In a matter of years, Toronto’s own Royal Ontario Museum will sport a dramatically new look.

On Wednesday, ROM Director and CEO, Josh Basseches, alongside provincial Minister of Tourism, Culture and Sport, Neil Lumsden, and Founding Partner of Hariri Pontarini Architects, Siamak Hariri, announced the launch of OpenROM: a three-year-long project that will see the museum’s main floor and Bloor Street entrance reimagined.


“I've been looking forward to this day for quite some time,” Basseches told a room full of select guests, including donors, members of government, and members of the media. “OpenROM is about the very future of this museum, one in which we move forward by honouring the past.”
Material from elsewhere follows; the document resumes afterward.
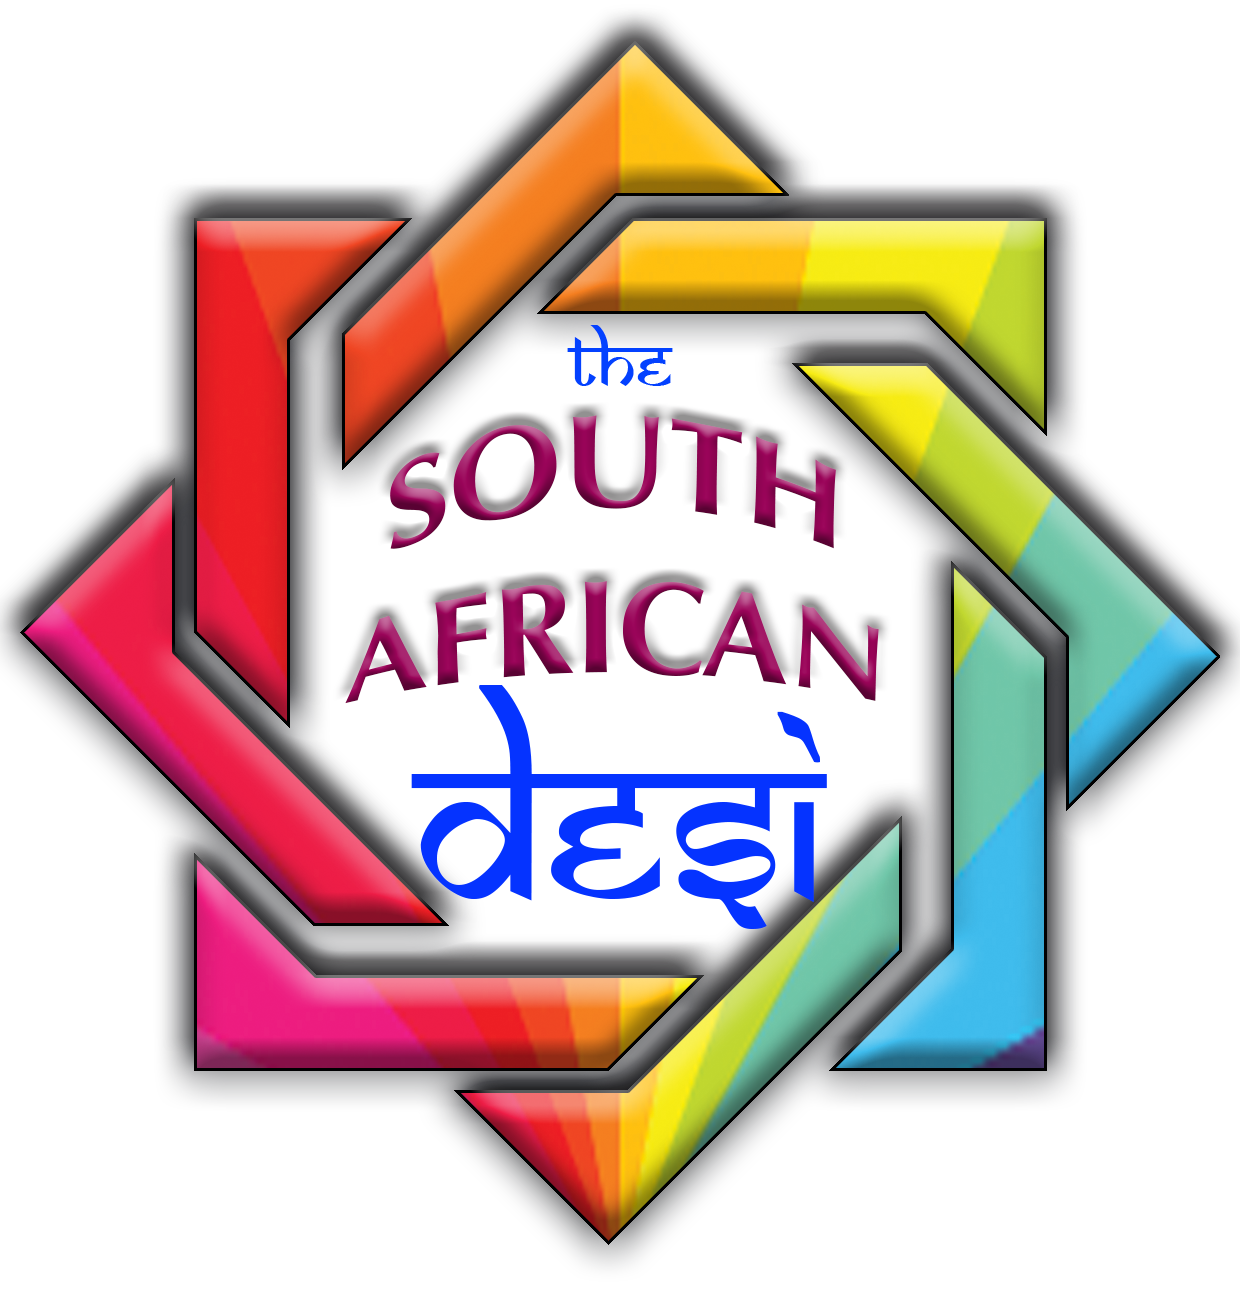 The South African Desi
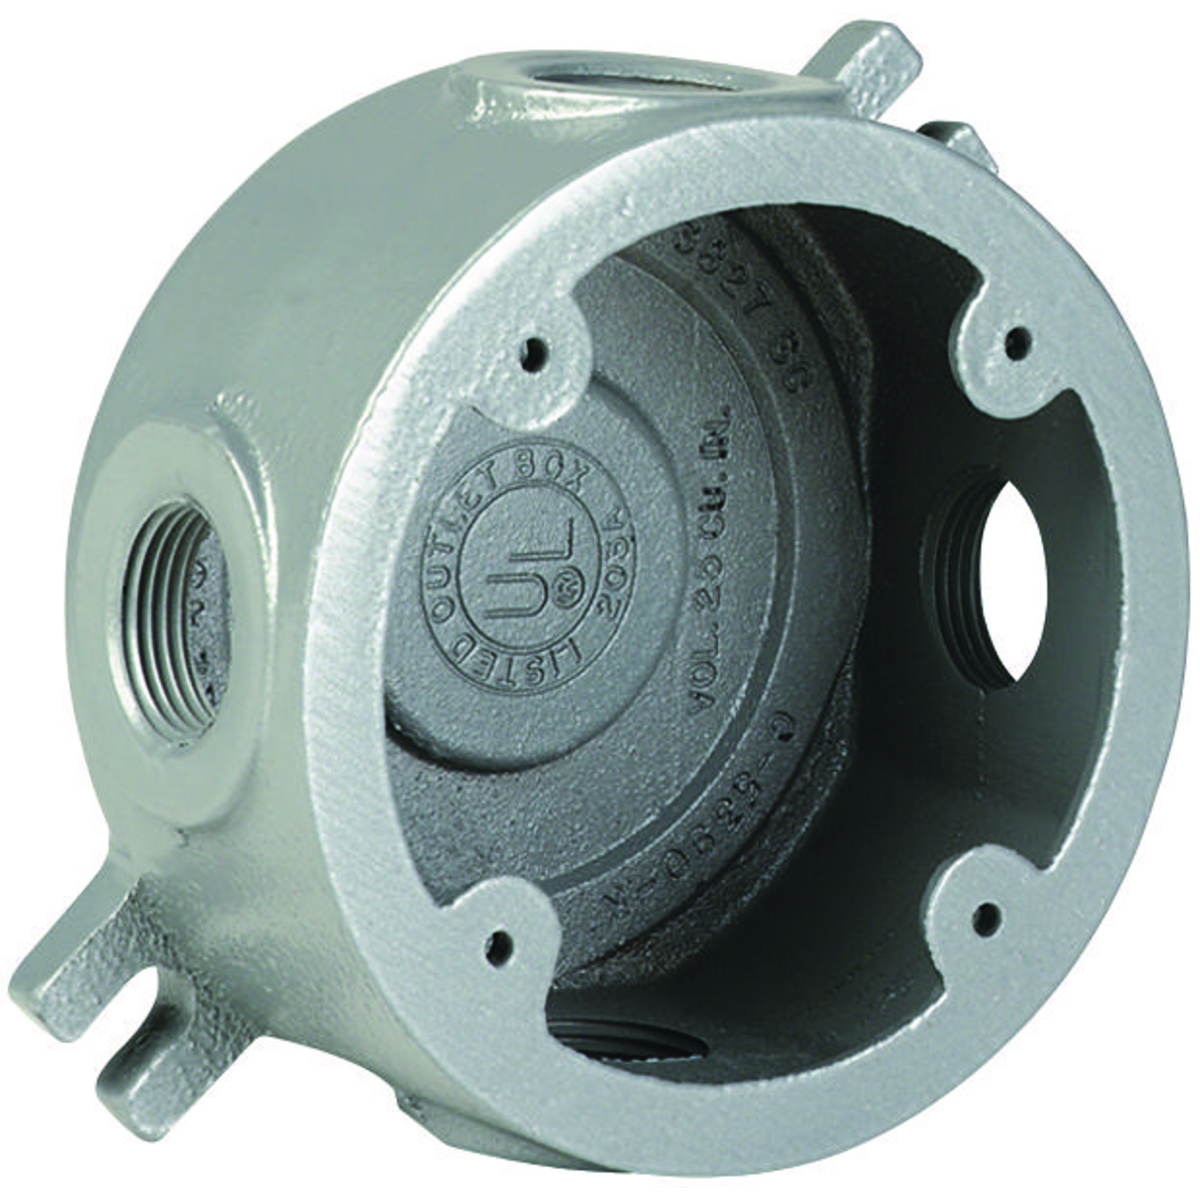 ROUND OUTLET 2-1/4" 3/4" HUB

OpenROM marks the continuation of a years-long revitalization of the museum that began in 2017 with the reopening of the Weston Entrance. Then, in 2019, the ROM unveiled the Helga and Mike Schmidt Performance Terrace and the Reed Family Plaza on Bloor Street. More recently, in 2021, the museum celebrated the opening of the landmark Willner Madge Gallery.

Construction for the OpenROM project will begin this month, Basseches said, and is expected to take about three years to complete. During that time, the museum will remain open to the public. The project is made possible through a $50M donation from the Hennick Family Foundation, which is the single largest cash gift in theROM’s history.

The project also pulls in Hariri Pontarini Architects. The Toronto-based firm has been working alongside ROM leadership to create a design vision for the project for the past eight years and will be instrumental in executing that vision over the next three years. Meanwhile, Eastern Construction has been brought on to build the project out.

A 3-D model of the reimaged ROM by Hariri Pontarini ArchitectsA 3-D model of the reimagined ROM (STOREYS)

Wednesday’s event also gave attendees a sneak peek into what the museum will look like as the OpenROM project begins to take shape.

A fly-through presented by Basseches and Hariri showed the redesigned Bloor Street entrance — the future “Hennick Entrance” — flanked by a shimmering bronze canopy. Inside the museum, the reimagined foyer was shown offering unobstructed sight lines through main floor, while an oculus built into the ceiling revealed the dinosaur galleries on the upper floor. The foyer flowed into the new heart of the museum: a four-storey atrium capped with a diagrid glass ceiling and with a “lily pad staircase” that will provide fully accessible access to the second level of the museum. That space will be known as the “Hennick Commons.”

In addition to transforming 86,000 sq. ft on the main floor, the project will bring an additional 6,000 sq. ft of new gallery space on the second and third levels of the museum, according to a press release provided by the ROM, as well as a new water feature at the exterior of the venue, which will wrap around the ROM's heritage stone facade at the corner of Bloor and Queen’s Park.

“As you all can tell, it's really quite magnificent,” Basseches said, “and, I think, will do so much for the institution.”